Program to count leaf nodes in a binary tree

getLeafCount(node)
1) If node is NULL then return 0.
2) Else If left and right child nodes are NULL return 1.
3) Else recursively calculate leaf count of the tree using below formula.
    Leaf count of a tree = Leaf count of left subtree + 
                                 Leaf count of right subtree

Implementation:
#include <stdio.h>
#include <stdlib.h>
/* A binary tree node has data, pointer to left child
and a pointer to right child */
struct node
{
int data;
struct node* left;
struct node* right;
};
/* Function to get the count of leaf nodes in a binary tree*/
unsigned int getLeafCount(struct node* node)
{
if(node == NULL)
return 0;
if(node->left == NULL && node->right==NULL)
return 1;
else
return getLeafCount(node->left)+getLeafCount(node->right);
}
/* Helper function that allocates a new node with the
given data and NULL left and right pointers. */
struct node* newNode(int data)
{
struct node* node = (struct node*)
malloc(sizeof(struct node));
node->data = data;
node->left = NULL;
node->right = NULL;
return(node);
}
/*Driver program to test above functions*/
int main()
{
/*create a tree*/
struct node *root = newNode(1);
root->left = newNode(2);
root->right = newNode(3);
root->left->left = newNode(4);
root->left->right = newNode(5);
/*get leaf count of the above created tree*/
printf("Leaf count of the tree is %d", getLeafCount(root));
getchar();
return 0;
}
Time Complexity : O(n)
Proof:
T(n) = T(k) + T(n – k – 1) + c
Where k is the number of nodes on one side of root and n-k-1 on the other side.

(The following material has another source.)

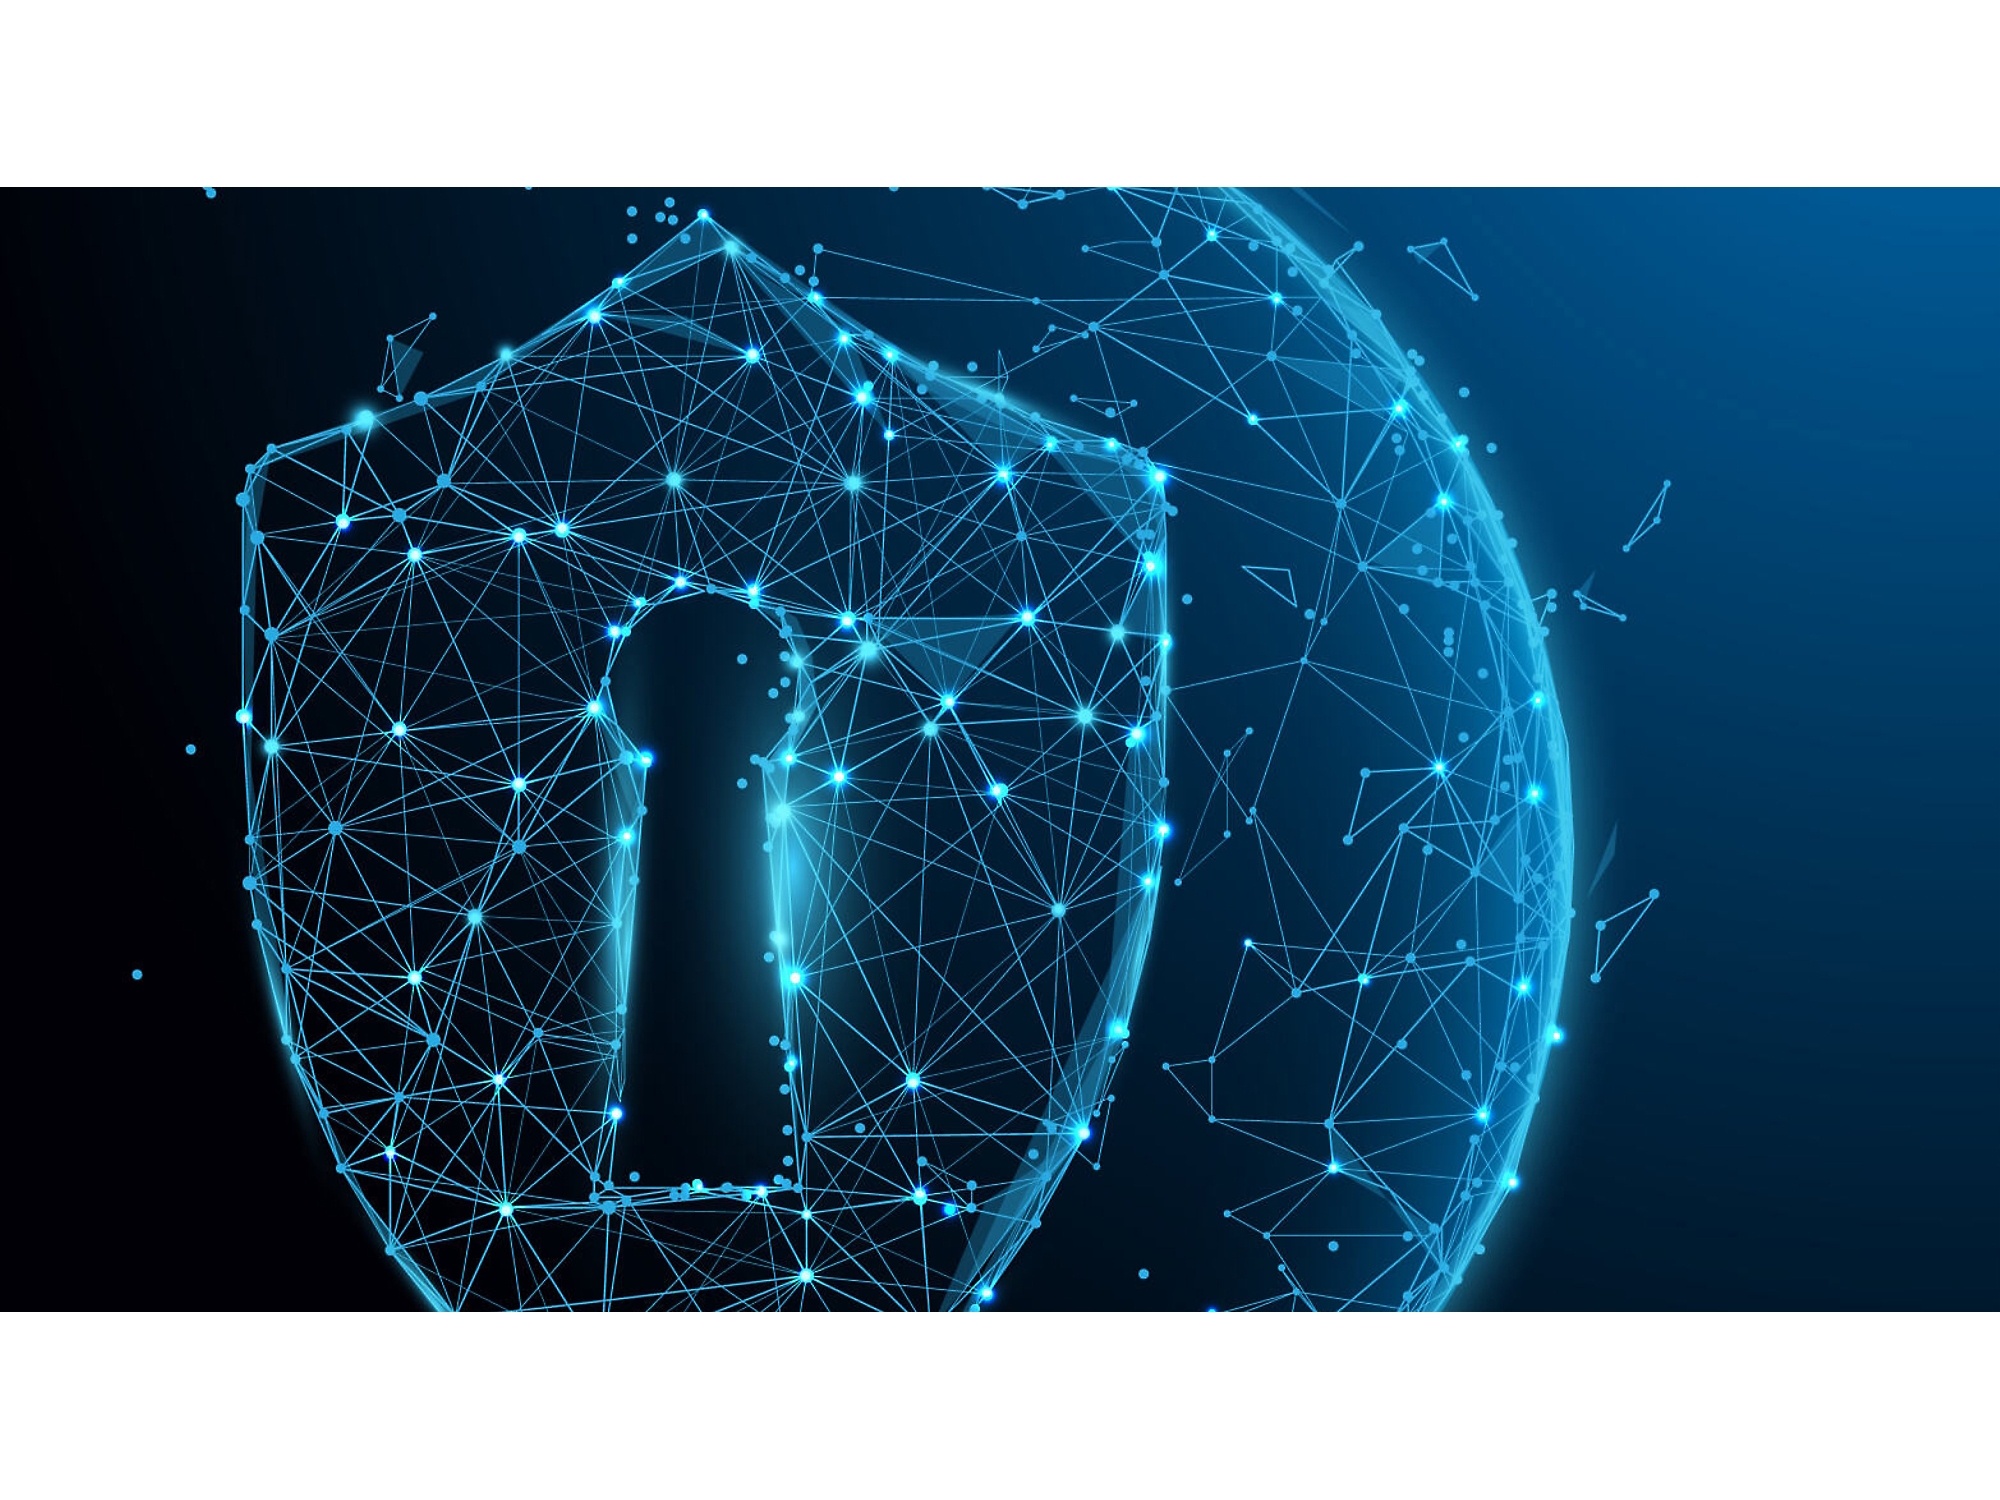 Digitaalne illustratsioon helendavast sinisest sõrestiku kilbist võtmeauguga, mis sümboliseerib küberturvet

Let’s do analysis of boundary conditions
Case 1: Skewed tree (One of the subtrees is empty and other subtree is non-empty )
k is 0 in this case.
T(n) = T(0) + T(n-1) + c
T(n) = 2T(0) + T(n-2) + 2c
T(n) = 3T(0) + T(n-3) + 3c
T(n) = 4T(0) + T(n-4) + 4c
…………………………………………
………………………………………….
T(n) = (n-1)T(0) + T(1) + (n-1)c
T(n) = nT(0) + (n)c
Value of T(0) will be some constant say d. (traversing a empty tree will take some constants time)
T(n) = n(c+d)
T(n) = (-)(n) (Theta of n)
Case 2: Both left and right subtrees have equal number of nodes.
T(n) = 2T(|_n/2_|) + c
This recursive function is in the standard form (T(n) = aT(n/b) + (-)(n) ) for master method http://en.wikipedia.org/wiki/Master_theorem. If we solve it by master method we get (-)(n)
Auxiliary Space : If we don’t consider size of stack for function calls then O(1) otherwise O(n).